Diesen schließt sich später Gruppenunterricht an. In Sonderfällen auch Einzelunterricht.
Probekurs
Die Violine
Leitung:
Catherine von Nahmer, Geigenlehrerin und Musikpädagogin
Inhalt & Ablauf des Einstiegs:
-
Einleitung – Melodie auf der Solovioline
Vorstellung der Geige – Ergreifen, Empfinden, Erfahren
Personifizierung der Geige – Erkundung, Funktions- und Klangwahrnehmung
Rhythmus-Erfahrung – Gemeinsames Körperempfinden und Singen
Haltung und Ansatz der Geige
Der Bogen – Gewicht, Länge, Spitze, Handling / der Frosch
Bogenführung – Bewegung, Körpereinsatz, Erleben und Erfahrung
Zusammenwirken Geige und Bogen / Konzentration, Bewusstheit
Diskurs über Wirkungen, Wünsche, Möglichkeiten, Phantasien
Erich-Benjamin-Stiftung
Projekte für Kinder in psychischer Not
Projekt 2 – ein Pilotprojekt
Musik mit Streichinstrumenten
für depressive und suizidgefährdete Kinder
und Jugendliche
Das Violoncello
Leitung:
Jakob Schmidt, Cellolehrer und Musikpädagoge, Gymnasial- und Privatlehrer
Inhalt & Ablauf des Einstiegs:
Weitgehend entsprechend dem Muster des Geigen-Schnupperkurses
nach dem individuellen Konzept des Pädagogen:
- Vernetzung von Alltagsbewegungen mit dem Handling des Cellospiels
- Abbau von Ängsten und Hemmungen
- Animation zu Neugier a/ auf Musik allgemein - b/ auf das Instrument
- Ermutigung zu Versuch, Erleben, Erfahrung = Musizierlust
- Relation Einsatz + Belohnung
- Entwicklung der Beziehung Mensch-Instrument
- Erfahrung von Wirkungen – Zufriedenheit, Motivation, Freude
Gruppenunterricht
Der Gruppenunterricht soll einmal pro Woche in kleinen Formationen – 4 bis 6 Teilnehmern
– stattfinden und zunächst drei Monate dauern. Er soll verlängert werden können. Wenn sich
zeigt, dass das Teilnahme-Interesse sich ausweitet, stehen weitere qualifizierte Lehrkräfte zur
Verfügung.
Ziel des Unterrichts ist vor allem die Erzeugung, dann Vertiefung einer Freundschafts-Beziehung
zwischen dem Schüler und seinem Instrument. Freundschaft bedarf keiner Perfektion. Es sollen
keine perfekten Solisten ausgebildet werden. Dennoch ist der Gruppenunterricht so konzipiert,
dass dem Ausmaß der Entwicklung jedes einzelnen Teilnehmers keine Grenze gesetzt ist.

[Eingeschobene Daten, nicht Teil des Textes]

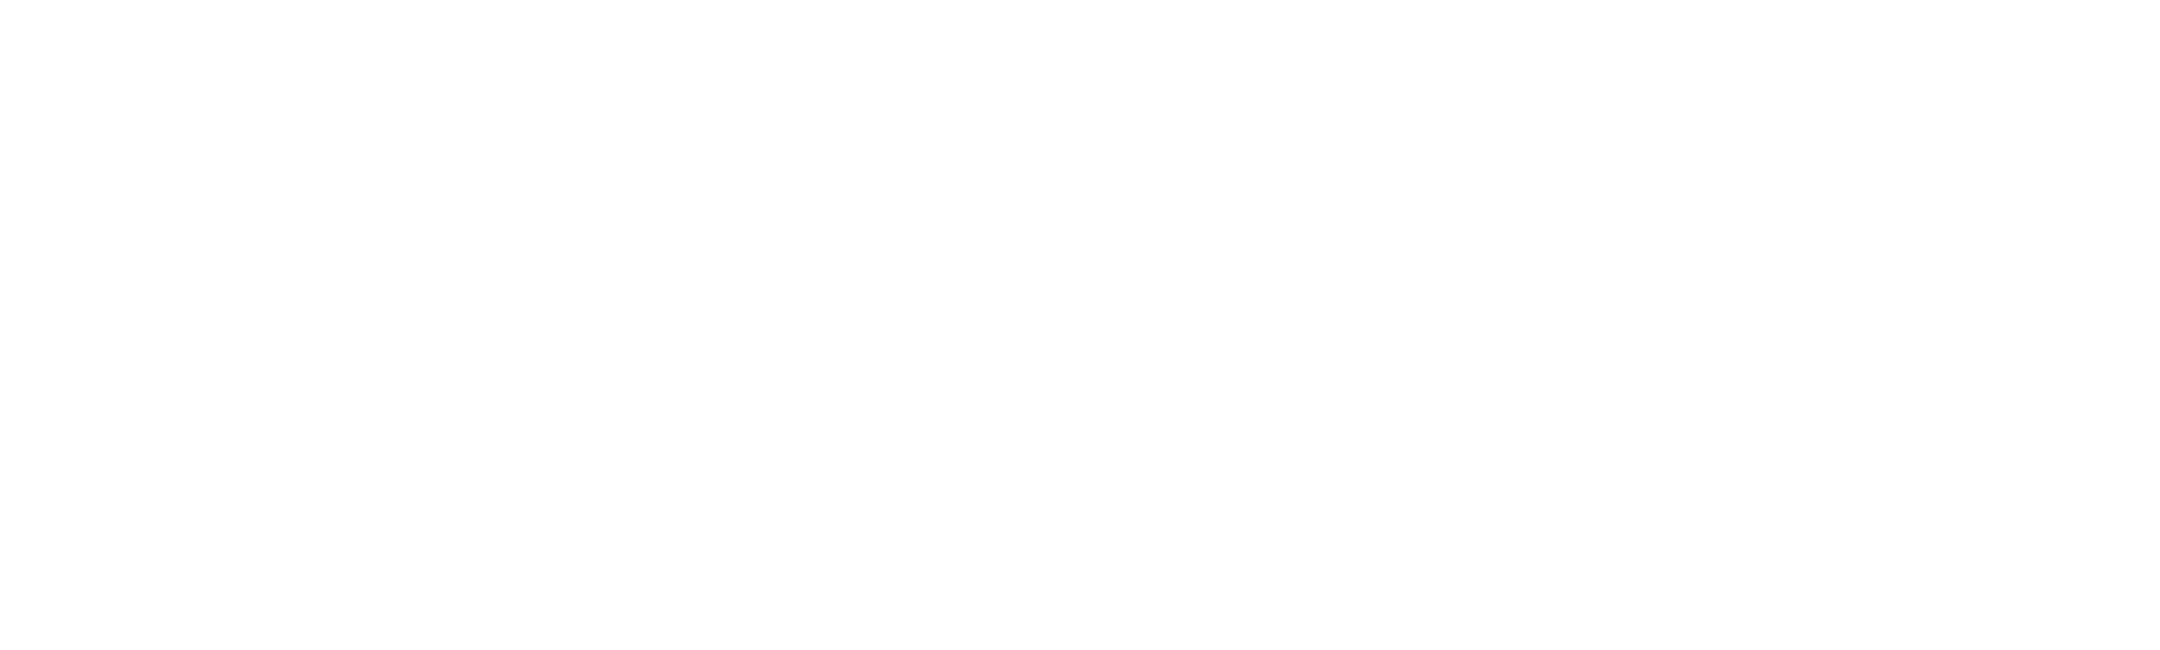 Procesor Platební Brány Pro Kryptoměnu - FSFPAY.com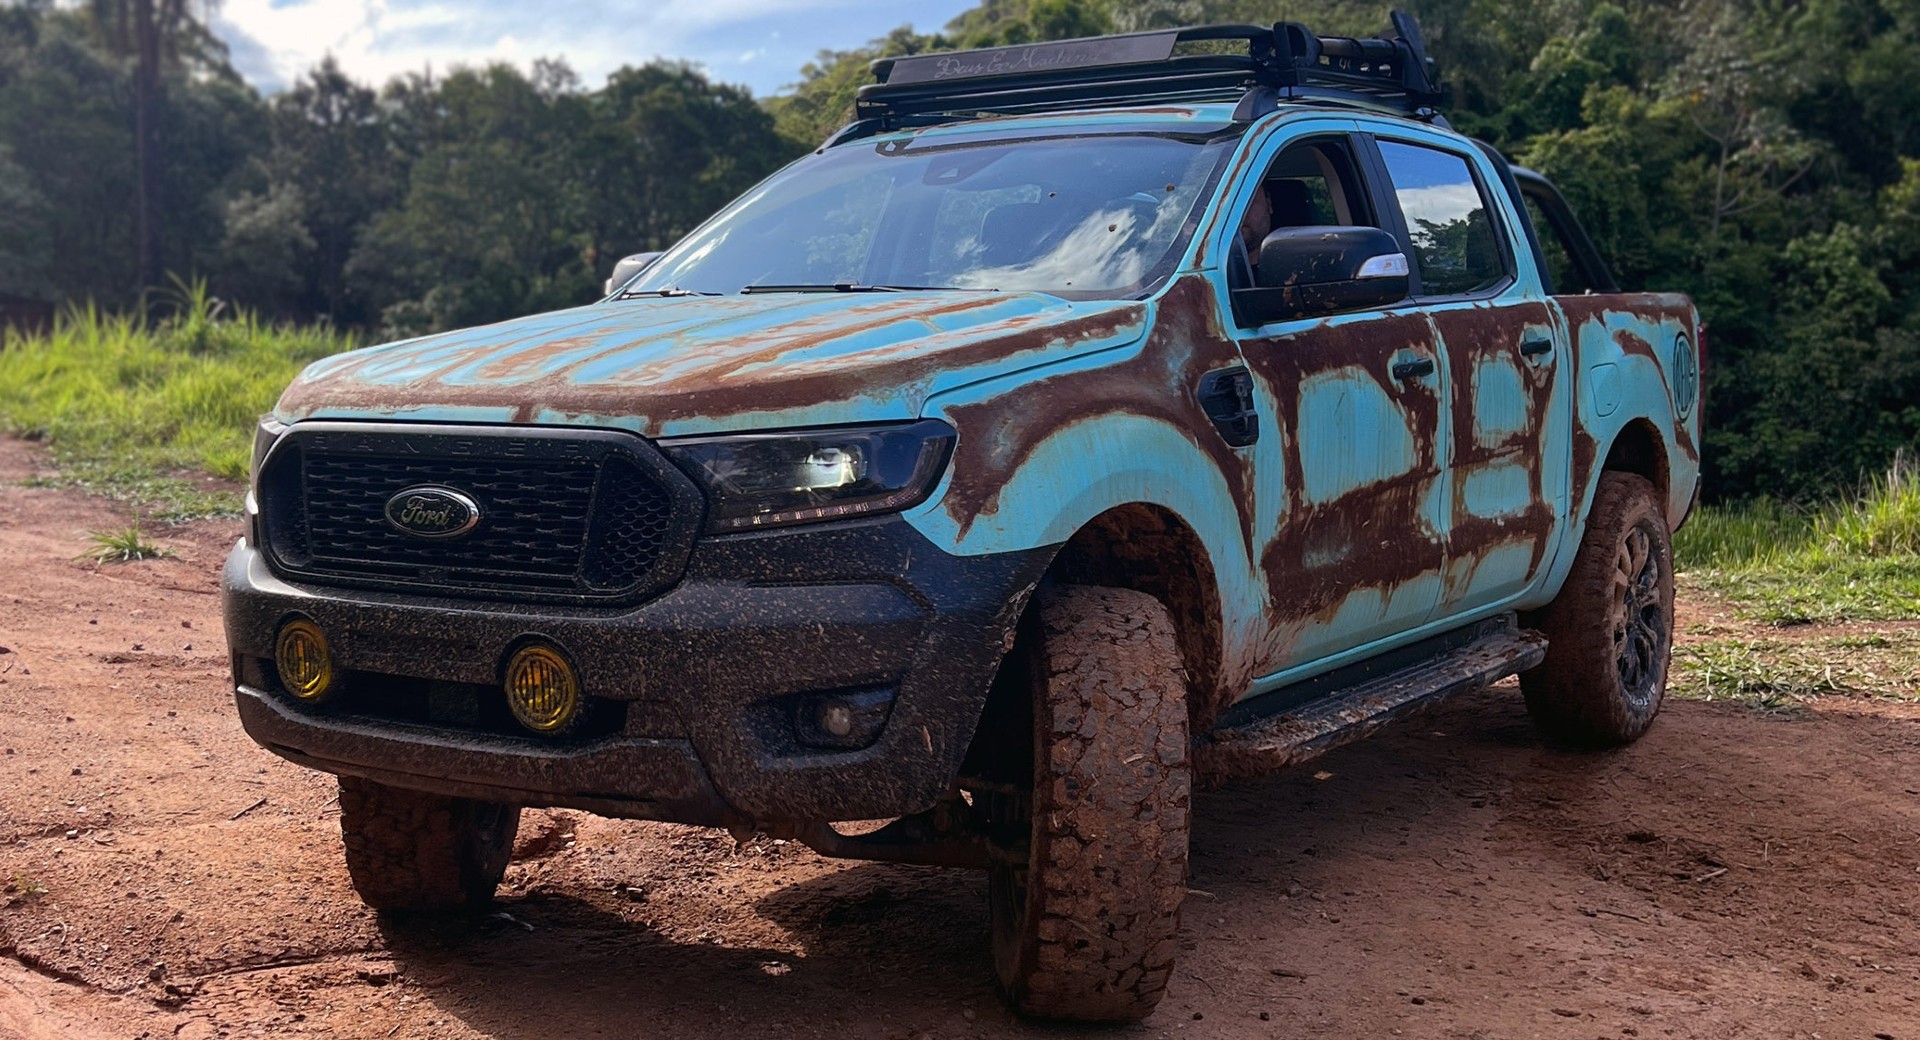 Le Ranger Rusty Blue de Ford Brésil semble avoir été abandonné dans la jungle

Der Lernprozess wird für alle nachvollziehbar und leicht fasslich gestaltet. Er vermeidet jede
Überforderung. Jeder Schritt ist so einfach gehalten, dass alle Abläufe für jeden nachvollziehbar
sind – und Freude am Geschehen wie auch Stolz aufs Erreichte auslösen. Neben den
methodischen Details steht die Motivation im Vordergrund.